By intent (Federal Register, vol 71, no 231, December 1, 2006, p. 6965), CMS has not provided specific ICD-9 diagnostic codes for the other categories of qualified individuals under the Bone Mass Measurement Act, which has resulted in different ICD-9 codes being accepted by different local Medicare carriers for the same diagnostic criteria. For example, for patients who are on glucocorticoids, E932.0, V58.65, V58.69 or 255.0 may be required depending on the local Medicare carrier. Monitoring response to medical therapy requires the ICD-9 code V67.59 or v58.69, but this is also often carrier dependent. Even codes for estrogen deficiency vary with specific carriers; for example, 627.2 (symptomatic menopausal or female climacteric states) can be used with Palmetto GBA the Medicare carrier in OH, WV and SC, but is not accepted by CIGNA, the carrier in NC, TN and ID. Standardization by CMS of the various ICD-9 diagnostic codes that could be used when submitting claims to the local Medicare carrier would likely impart greater certainty that providers would be reimbursed for appropriate testing.
The strengths of our study include use of data that allow us to generalize our results to the U.S. Medicare fee-for-service population and that provide diagnosis and state-specific detail regarding reimbursement rates. However, our results may not be generalizable to older persons with Medicare managed care coverage (i.e. Medicare Advantage). As another potential limitation, reimbursement determinations were evaluated after DXA claims had been fully resolved; initial rejection rates may have been higher but could have been successfully appealed by providers. An additional limitation is our inability to identify what “should be” the appropriate diagnostic codes for reimbursement as we only have access to claims data, not medical records. As a result, we do not necessarily know the true medical reason for which the DXA was ordered. Finally, consolidation among local Medicare carriers is expected, such that the 17 carriers currently represented in this analysis may be reduced to a smaller number in the future. This consolidation may alter the reimbursement patterns that we observed.

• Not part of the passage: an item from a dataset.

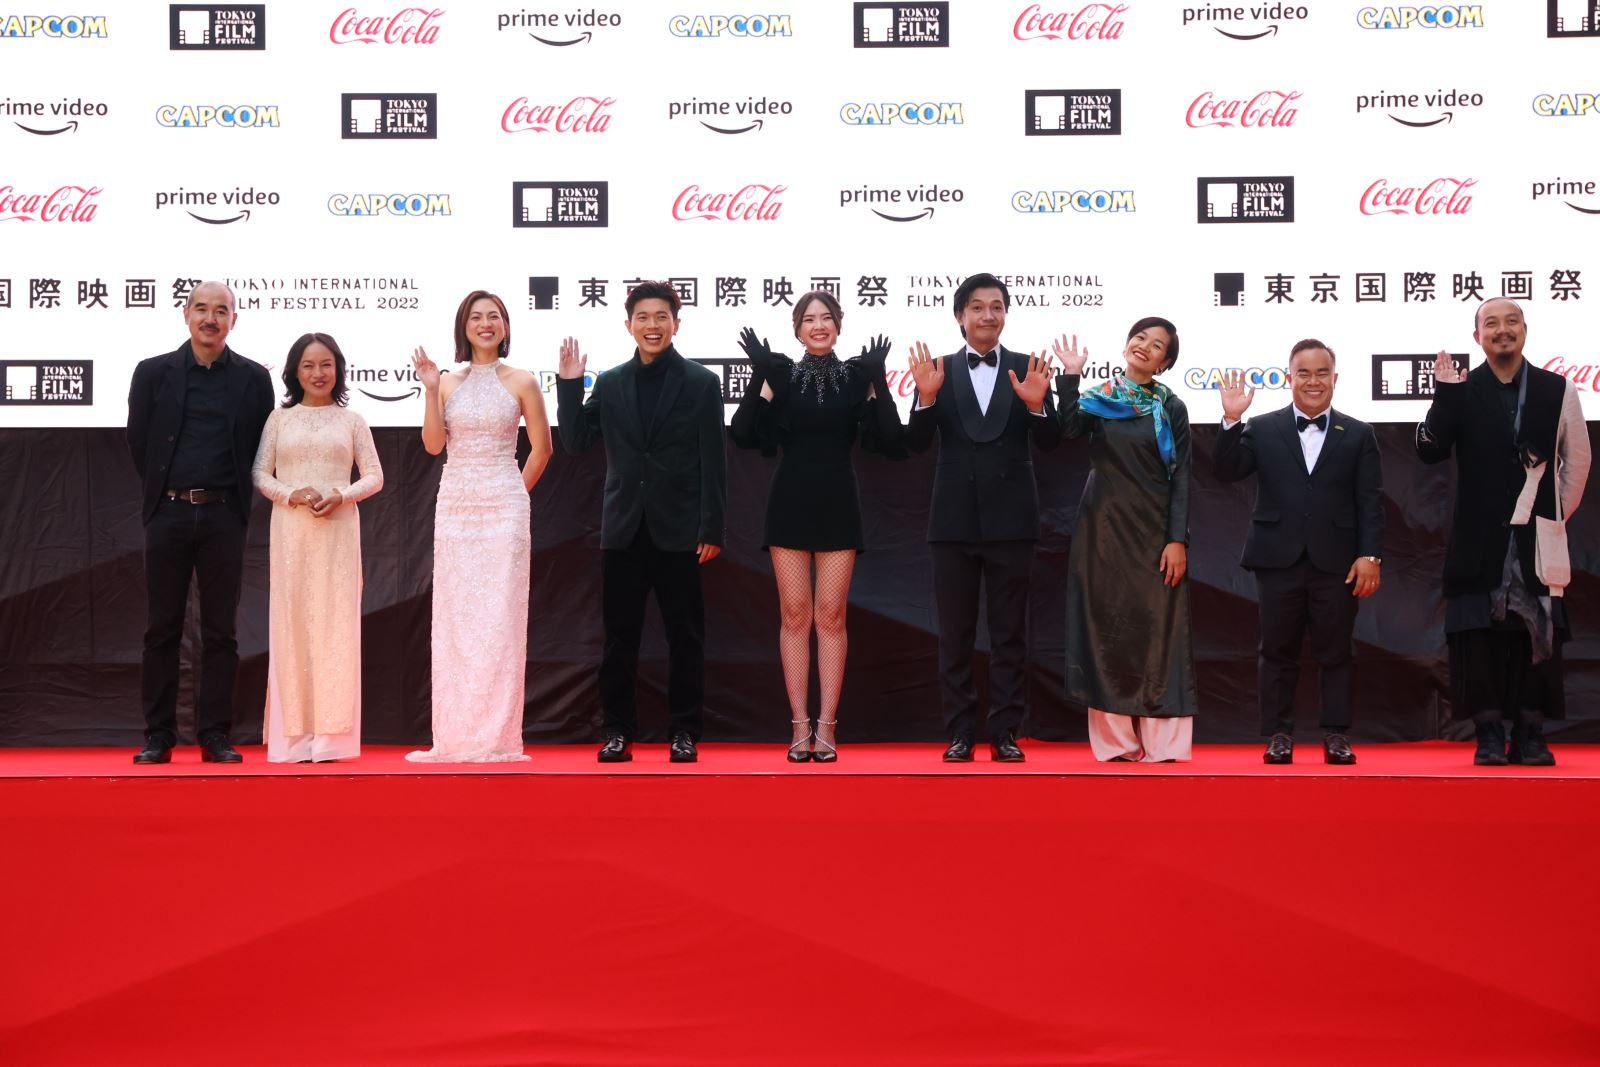  “Tro tàn rực rỡ” được chào đón tại Liên hoan phim quốc tế Tokyo

In conclusion, although most central DXA claims were reimbursed for women and when the interval between scans was greater than 23 months, rates of denial were far higher for men and were highly variable when serial testing was ordered at intervals less than 23 months. Greater guidance and transparency in coding policies, as well as enhanced provider awareness of those policies, are needed to improve access to DXA as a covered service for qualified Medicare beneficiaries.